I have a few ideas I'd like to share that have worked for me. None, you may be relieved to know, involves a beehive hairdo or making potions. They're just simple activities that, at least for my money, help bring me a little bit closer to the mystical element of life.
First, I try to meditate. I emphasize try because for me, being forced to sit still is a form of brutality that should be covered under the Geneva convention. As someone juggling two jobs, as an exec for a TV network and as a writer (substitute your jobs here -- career woman and mother, rodeo clown and underwear model, etc.), I often have a hard time slowing down for a stoplight without checking my e-mail.
But when I do meditate, magical things happen. New ideas. Emotional breakthroughs. Song lyrics for new gangsta rap tunes. Which really makes shutting up worthwhile.
Second, I have a dream board. Stop laughing. I think those ugly cork boards (where you tack up pictures of the things you want) actually work. Because they're a great reinforcement. I had a mock-cover of my first book up on mine before I even got an agent. And the publication process could not have been easier. I'm just sayin'.
Of course, my dream board is a rugged steel panel with magnets, which just screams manly. And it's in my bathroom, which probably seems kinda weird, but it's the one spot in the house I know I'll be in every day with my eyes open. And talk about a captive audience.
Third, I try to speak in positives. About 15 years ago, I was $53,000 in debt from some business decisions apparently made while I was either drunk or insane. I constantly reinforced my poverty with my friends as if being broke was a badge of honor, like military service or watching Ken Burns documentaries.
It wasn't until I began talking about how I was gonna get myself out of debt that it actually happened.
I talked positively about my situation to anyone who would listen. And within months, I met a wonderful woman at a party who changed the direction of my career, and in one year's time (albeit a year I had to work like a rower on a slave ship), I was debt-free. How's that for magic?
Fourth, I listen to that little voice in my head -- what is usually referred to as "women's intuition." With no disrespect to my female readers, stop hogging the glory! Everybody has intuition, most people just don't listen. I like to think of it as God whispering in my ear, although, because I only have one ear that works, I hope he whispers in the right one.
Of course, sometimes he can scream like a hog caller and we don't pay any attention. Example: Someone got me involved, a few years back, with a scam artist. I had a very bad feeling about him from the minute I met him. But I ignored it. And let me tell you, it cost me plenty.

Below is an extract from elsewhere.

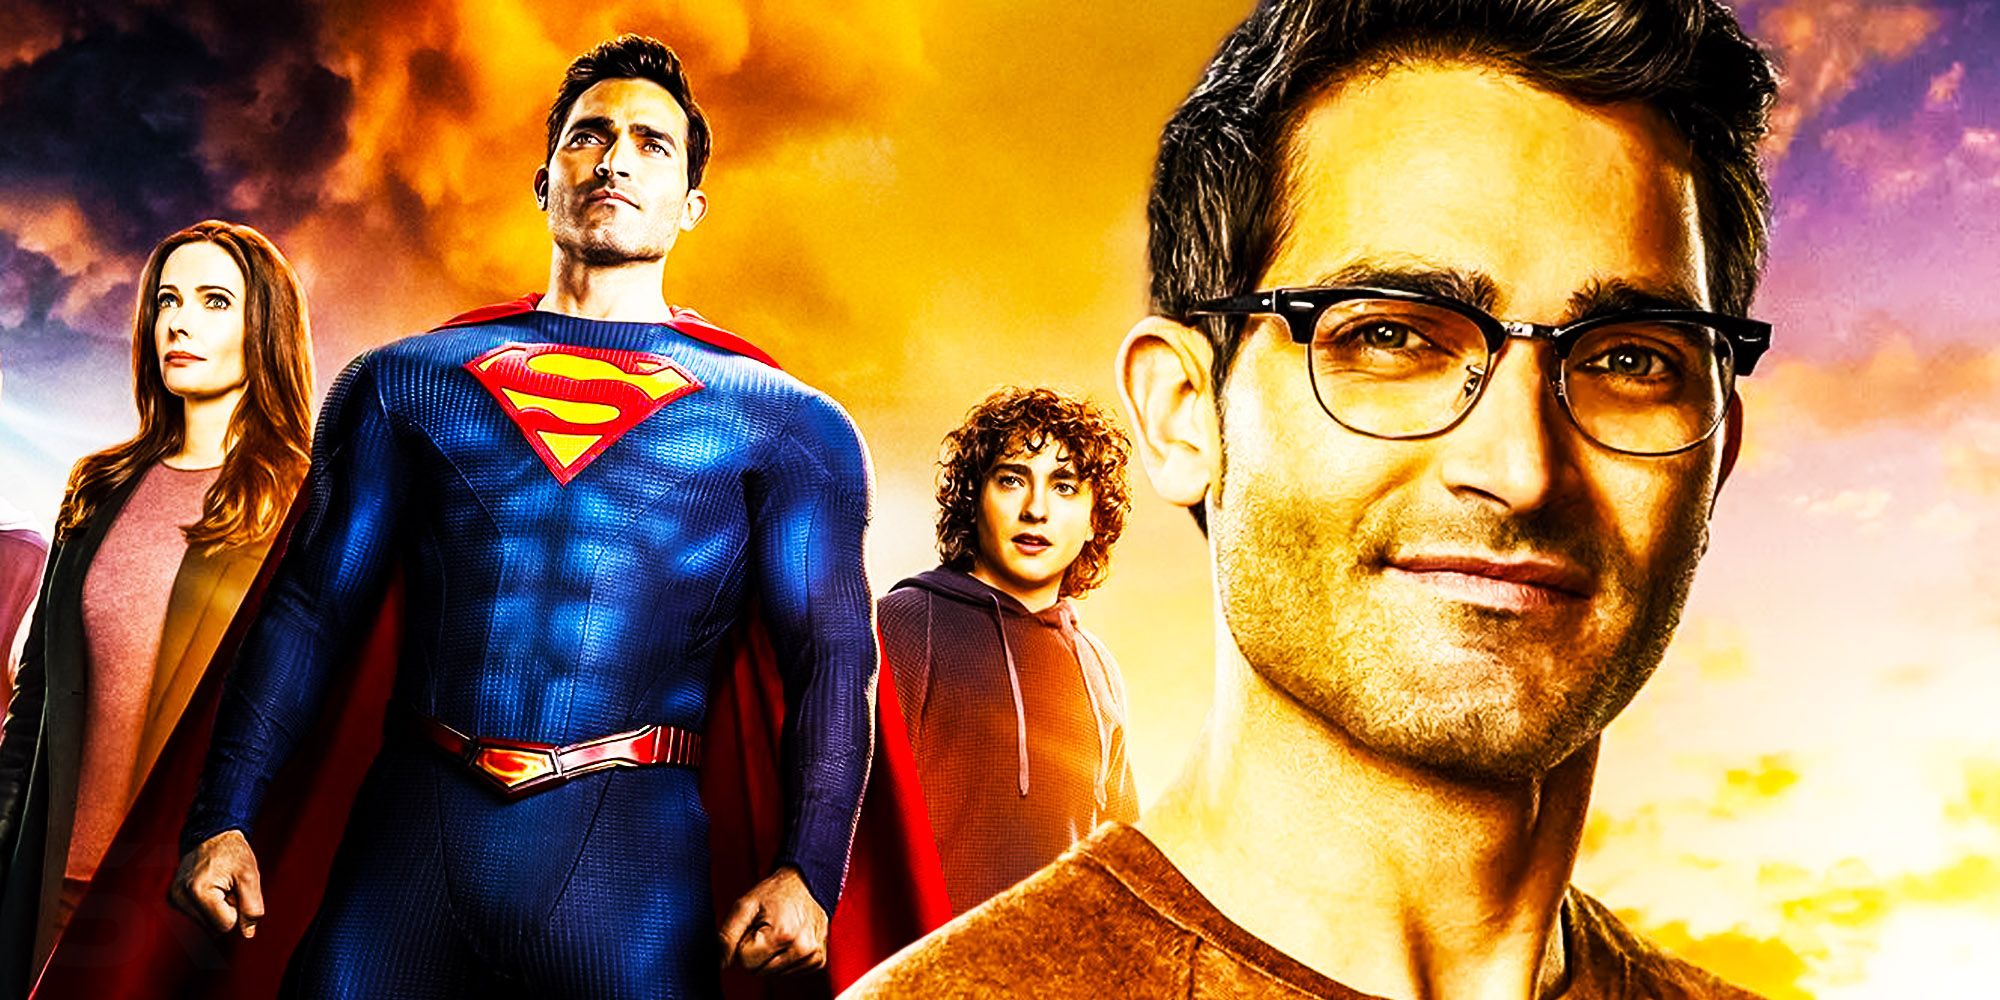 Superman et lois saison 3 superman tyler hoechlin nouveau costume

Finally, I try to accept what is. This is not very entertaining and can, in fact, be a bummerpalooza. And, I must admit, I don't always do it without attempting to take someone down with me. After all, spreading the pain around seems like the democratic thing to do. But there really is a kind of peace in surrender, in simply saying, "What will be, will be, because I'm too freaking exhausted to try to control it."
In the aftermath of this group of us being scammed, for example, there was a lot of screaming (mine) and tears (also mine). I was constantly imagining this guy's death in a highly entertaining car crash. I twisted myself into knots over it -- until I realized that the only person my anger was hurting was me.
So I handed it over to a law firm and stepped away. And in doing so, I stopped getting sick. And I stopped yelling at random people on the street, which made for much more pleasant interactions with cops and homeless folk.
Do these tips actually work? I think they have for me. But really, does it matter? Science has shown that positive thinking speeds healing. And that meditation can improve your health.
Even if activities like these are only palliative, how much can it hurt? After all, we live in a world where every day is filled with both tragedies and triumphs. So maybe, with a little magical thinking, we can tip the scale a tiny bit toward the triumphs.
No bedspread required.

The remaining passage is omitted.